For instance, Republicans running in the more suburban 2nd and 7th congressional districts avoid mention of President Trump in their TV ads. But 5th District Republican candidate Bob Good embraces the President and includes the President in two of the broadcast TV spots released by his campaign. 

Good and Republican groups running ads in the 5th District have also spent more time tapping into rural voters' fears about recent protests and looting in Richmond and other cities.
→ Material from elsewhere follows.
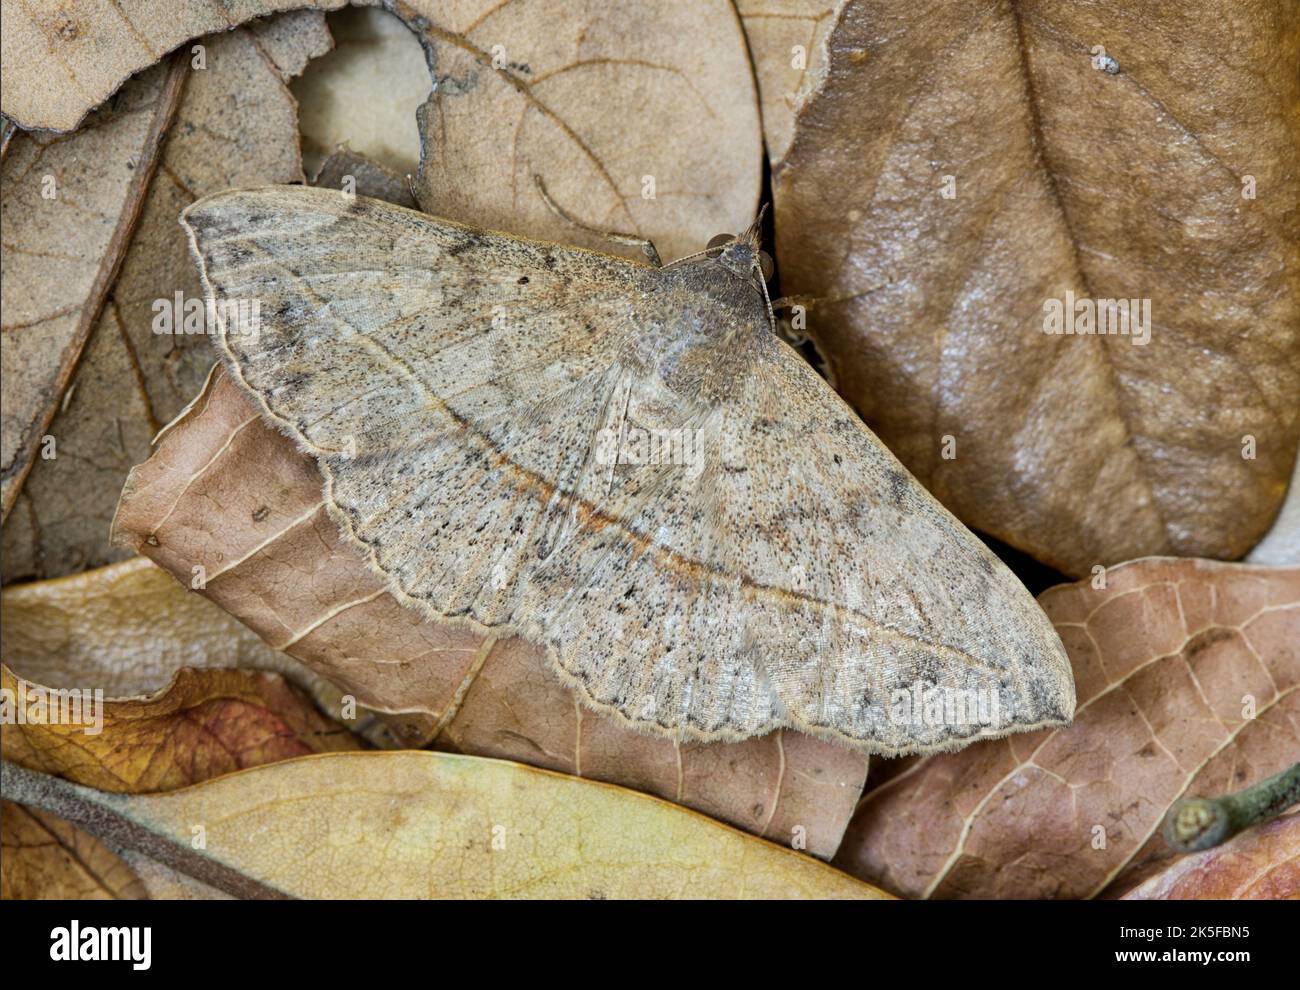 Velvetbean Moth (Anticarsia gemmatalis) with wings open, hidden camouflaged in dead leaves. Common species found in the Gulf States of the USA. Stock Photo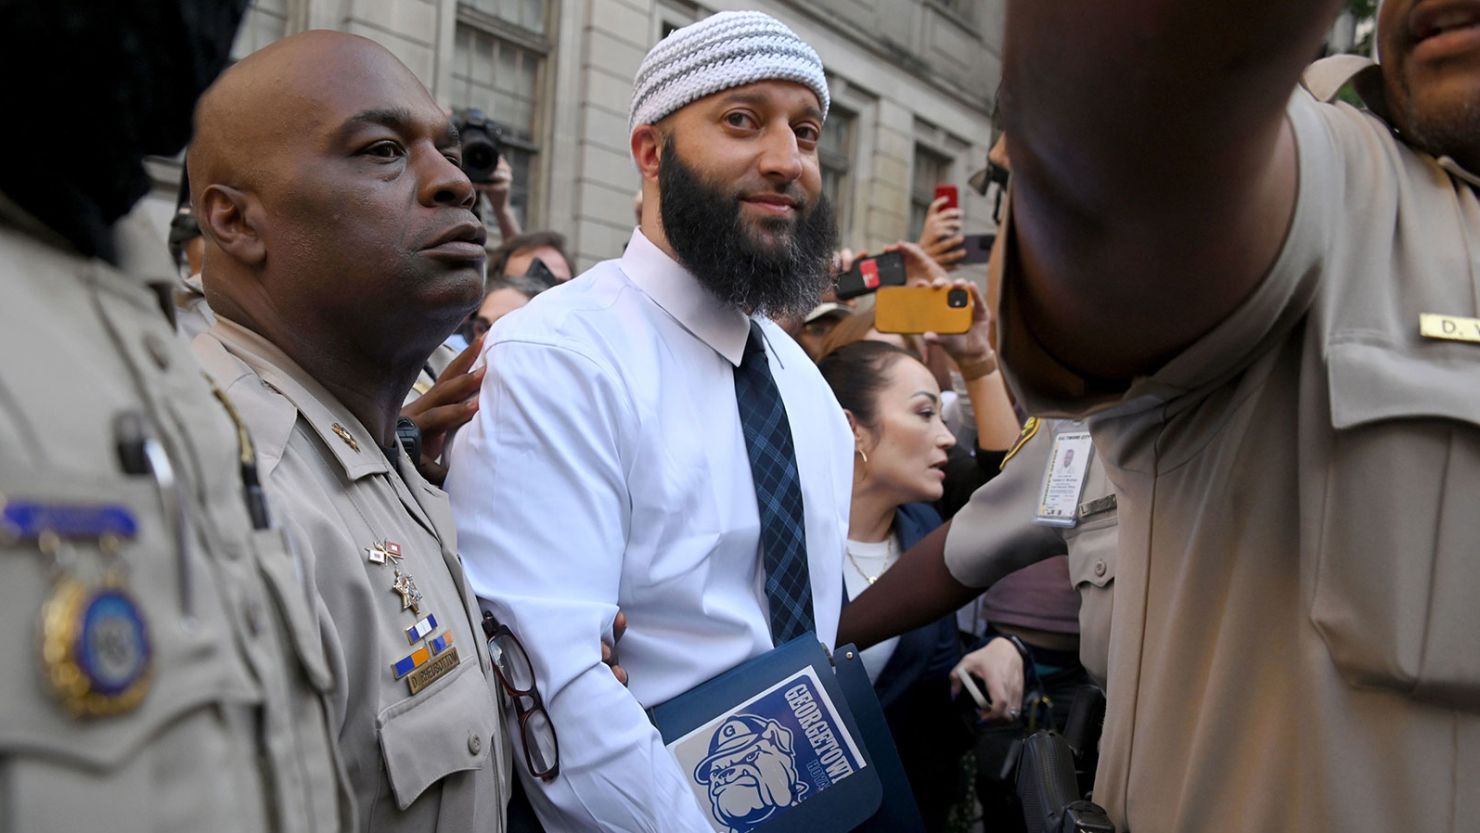 Adnan Syed's murder conviction was overturned and he was released after prosecutors raised doubts about his guilty verdict because of the revelation of alternative suspects in the homicide and unreliable evidence used against him at trial.

Several ads seek to use the audio of Democrat Cameron Webb's own words against him. In an interview with a local TV station that aired in mid-June, just five days before the Democratic primary, Webb said "all of this extra spending on police is actually part of the problem." In an attack ad that began airing Oct. 17, the Congressional Leadership Fund includes that clip along with the calls to defund police from two "radical left" congresswomen: Reps. Alexandria Ocasio-Cortez of New York and Ilhan Omar of Minnesota. A female narrator says, "Cameron Webb -- he's with them, not with us."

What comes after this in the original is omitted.